ТВОРЧЕСТВО

ПОЗНАНИЕ

А  Б  В  Г  Д  Е  Ж  З  И  Й  К  Л  М  Н  О  П  Р  С  Т  У  Ф  Х  Ц  Ч  Ш  Щ  Э  Ю  Я  AZ

 

Я увидела, что это вовсе не старик, а мужчина примерно моих лет, он мог бы быть красивым, если бы не синяки и грязь. Мы разговорились, и я беспардонно спросила его, не надоела ли ему такая жизнь? Он, конечно же, ответил, что давно поставил на себе крест, что еще зимой подумывал о том, чтоб уехать туда, где живет его мама, и начать все заново, но его, пьяного, сбила машина, что в больницы его не берут, нога гниет, он пьет все больше и больше, чтобы заглушить постоянную боль, и надеется на скорую смерть…
Чем я могла помочь этому человеку? Ничем. Дала ему немного денег, сказав почти безнадежно: «Слушай, пожалуйста, купи на эти деньги еды, не пропивай их». Я написала ему на бумажке телефон священника, окормляющего храм одной из больших больниц известного своей добротой к таким вот мизераблям, и уверила его (сама, впрочем, не слишком веря), что там ему непременно помогут. Уже собравшись идти дальше, я вдруг горячо сказала ему: «Послушай, ты ведь очень красивый. Ты молодой красивый мужик, тебе надо выбираться из всего этого говна, послушай меня». «Я? Красивый? – недоверчиво хохотнув, переспросил он. – Вы правда так думаете?» – «Конечно».
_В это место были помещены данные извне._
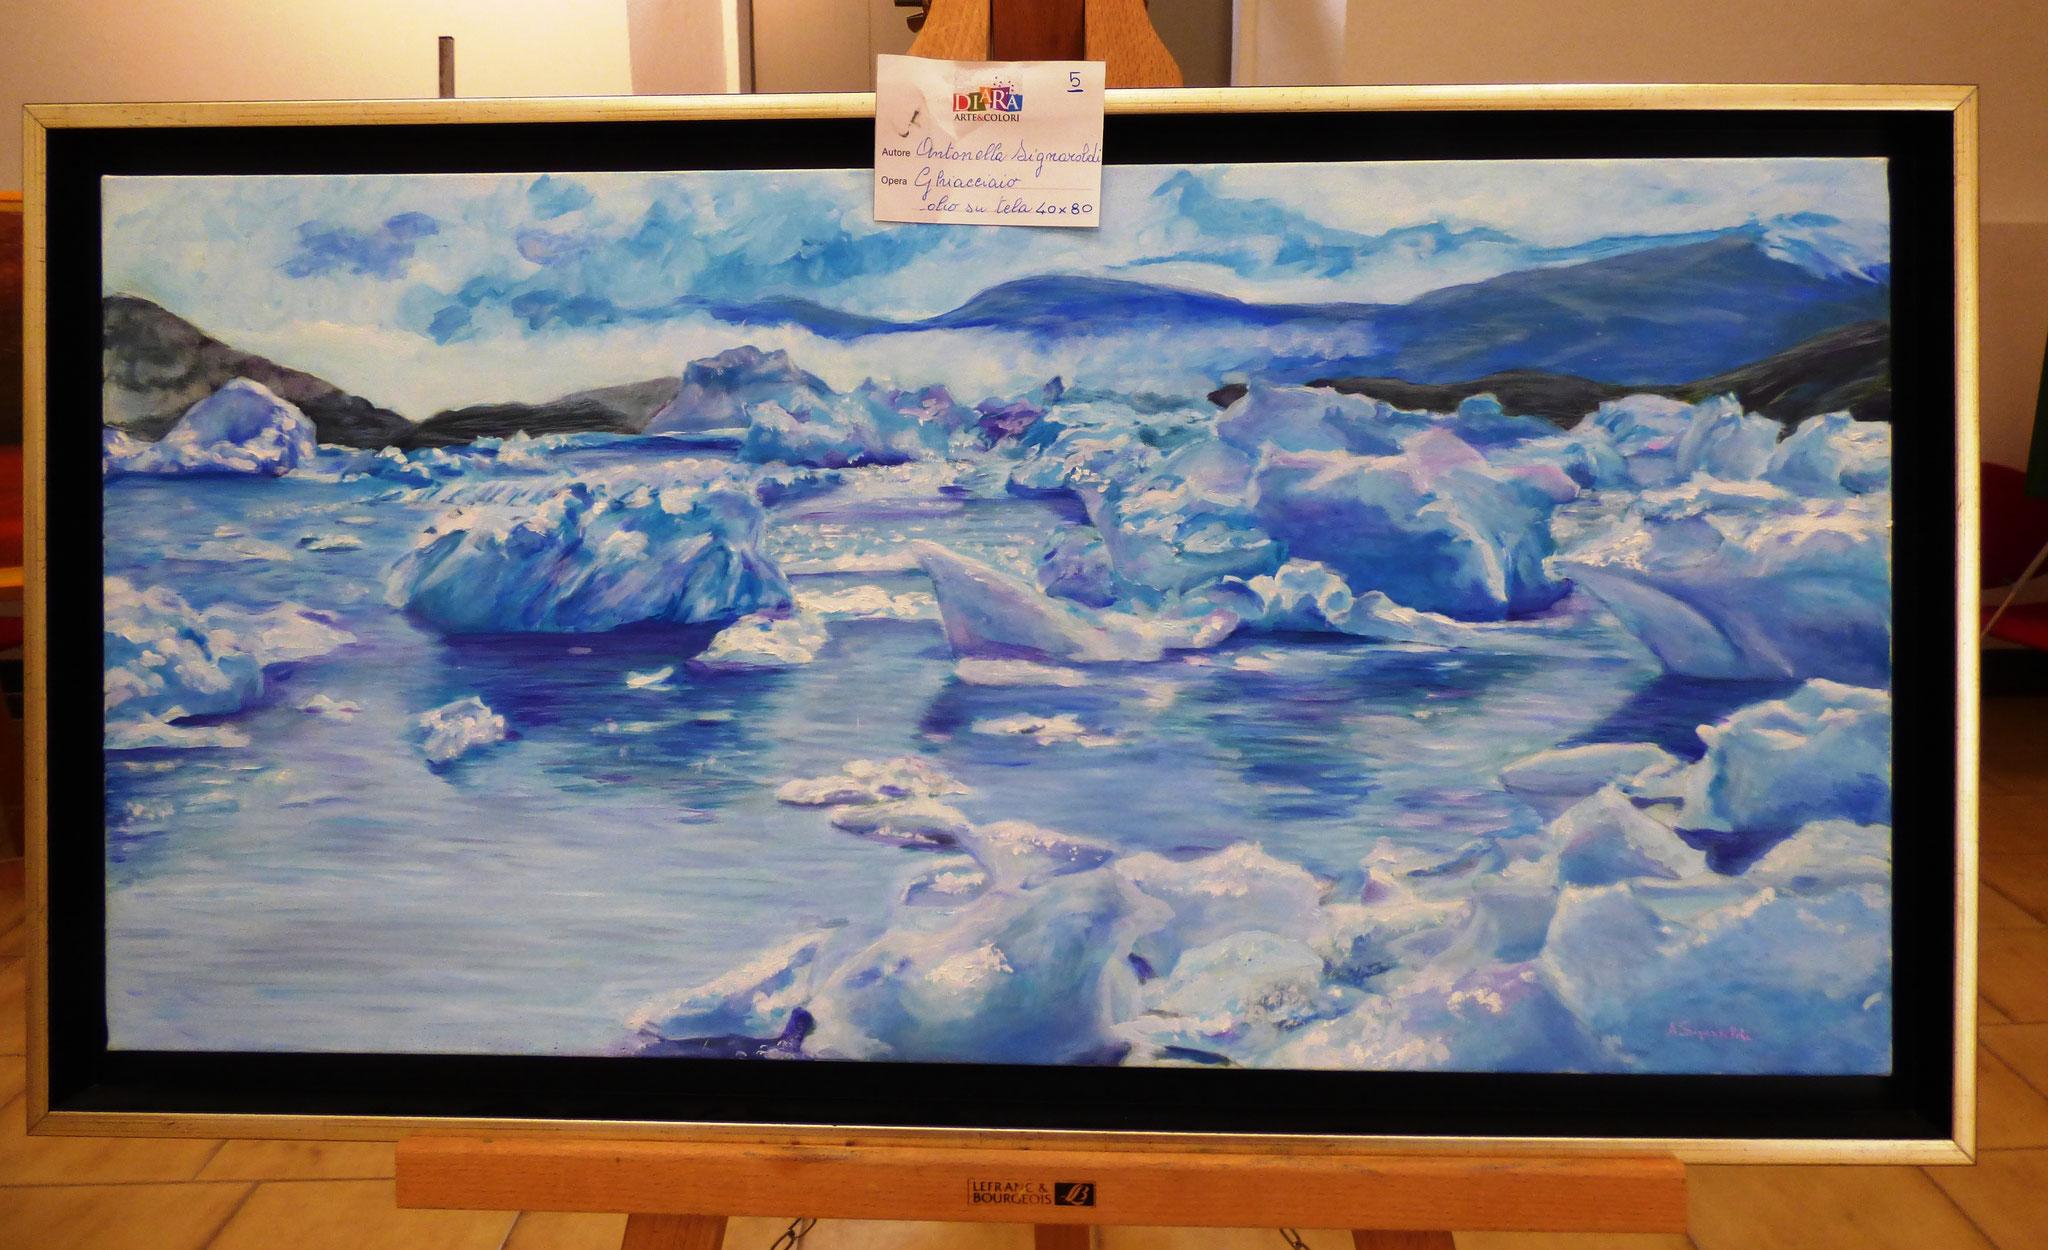 Antonella Signaroldi ghiacciaio olio su tela 40x80

«Слушай, – тут же сказал он в ответ (я подумала, что сейчас он попросит еще денег), – а можешь меня поцеловать? В щеку, а? – И поспешно добавил: Я ничем не болею!»
Я обняла и поцеловала его. И не могу сказать, чтоб это было так уж противно. Он сидел напряженно, не подняв рук и не попытавшись поцеловать меня в ответ, но я почувствовала, как все его существо отозвалось и обрадовалось этой ничтожной ласке мимоходом.
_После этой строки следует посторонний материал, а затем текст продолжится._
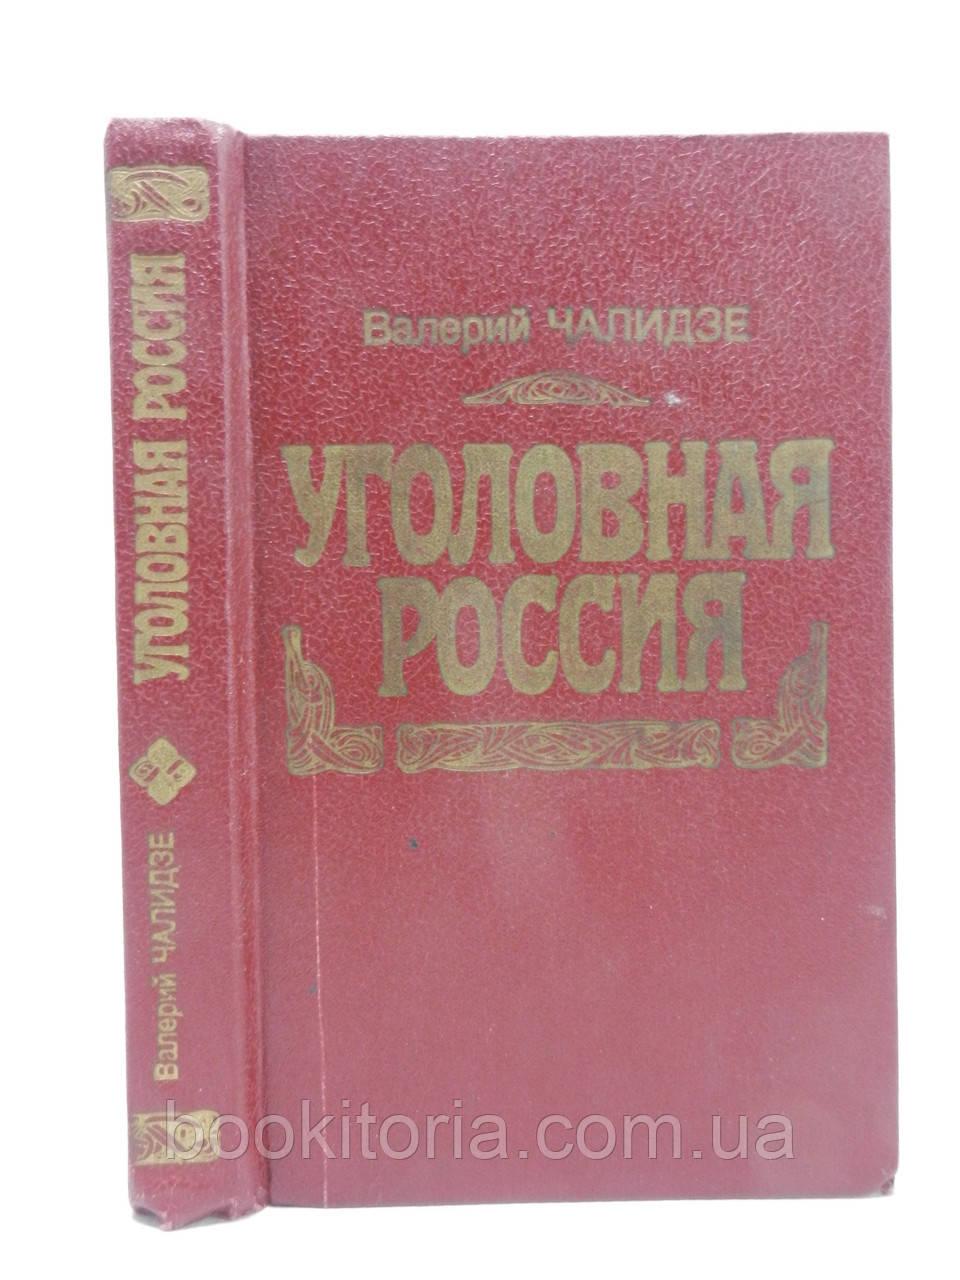 Чалидзе В. Уголовная Россия (б/у).

И, пожалуй, из всех тысяч поцелуев, розданных мной за всю мою жизнь, этот был самым благодарно принятым и, вероятно, стоил гораздо дороже, чем долгие нежности с теми, другими, – которые уйдут, и забудут, и будут принимать другие ласки, и снова забывать, и снова хотеть.
Я рассказываю про бомжа и свой поцелуй, когда мы гуляем с Z., и он смеется и говорит, что ему нравятся такие истории. Мы гуляем уже долго и все никак не можем разойтись. Нам смешно вдвоем – он, кажется, на многие вещи смотрит так же, как и я. Он говорит, что любит всякие городские закоулки, пивнушки, всю эту уличную грязь. Мы покупаем пиво и пирожки, и он тут же запихивает один из них себе в рот и запивает пивом. Потом Z. беззастенчиво заявляет, что ему нужен туалет, говорит: «Погоди-ка!» – и забегает в какую-то стекляшку, в которой восточные люди жа– рят шаурму. Я стою за стеклянной дверью, жду его, вижу, как он договаривается с ними о чем-то, оглядывается, смеется, они тоже смотрят на меня и улыбаются. Потом он покупает у них что-то маленькое, я вижу, как он достает деньги и что-то берет у них из рук.
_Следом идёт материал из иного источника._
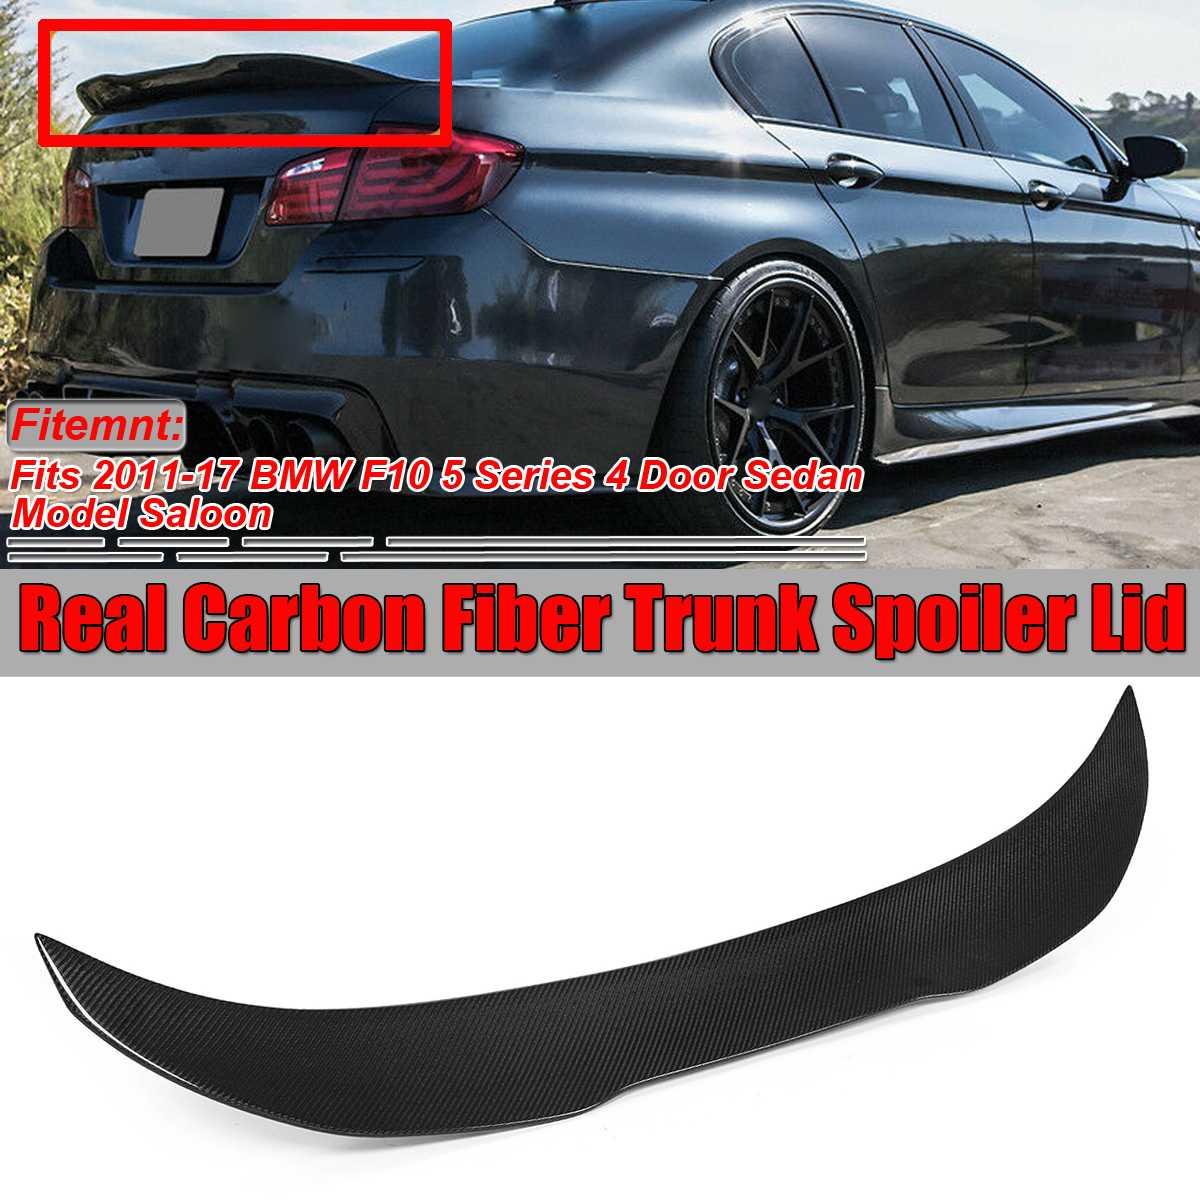 新しい PSM スタイルリアルカーボン繊維 F10 車のリアトランク Boot リップ Bmw F10 スポイラーウイング蓋 5 シリーズ 4 Dr セダン 2011-2017

– Пошли! – смеясь, Z. выходит из забегаловки и направляется куда-то за угол.
Я понимаю, что он, не долго думая, купил у продавцов ключ от их туалета. Я в восторге, если можно испытывать восторг от такой невозвышенной ситуации, – стою, улыбаясь во весь рот, держа в руках пакет с пирожками, пока Z. внутри.
Довольный Z. выходит и тут же сообщает, что шаурмоделы не зря косились на меня. Они решили, что Z. нуждается в ключе так экстренно, потому что ему приспичило зайти туда со мной. Не знаю, думали ли они так на самом деле или это патологические фантазии самого Z., но вся эта дурацкая ситуация кажется нам обоим в чем-то даже романтической – так, по крайней мере, утверждает Z., жуя еще один пирожок и снова уверяя меня в том, что-де «восточные люди знают толк в таких делах».
После этого мы чувствуем себя хулиганами-сообщниками, и я проникаюсь к Z. большой симпатией. Занятно, но при этом я понимаю, что если бы сейчас действительно зашла туда с ним, он бы во мне разочаровался, а вот просто представлять эту сцену нам обоим забавно.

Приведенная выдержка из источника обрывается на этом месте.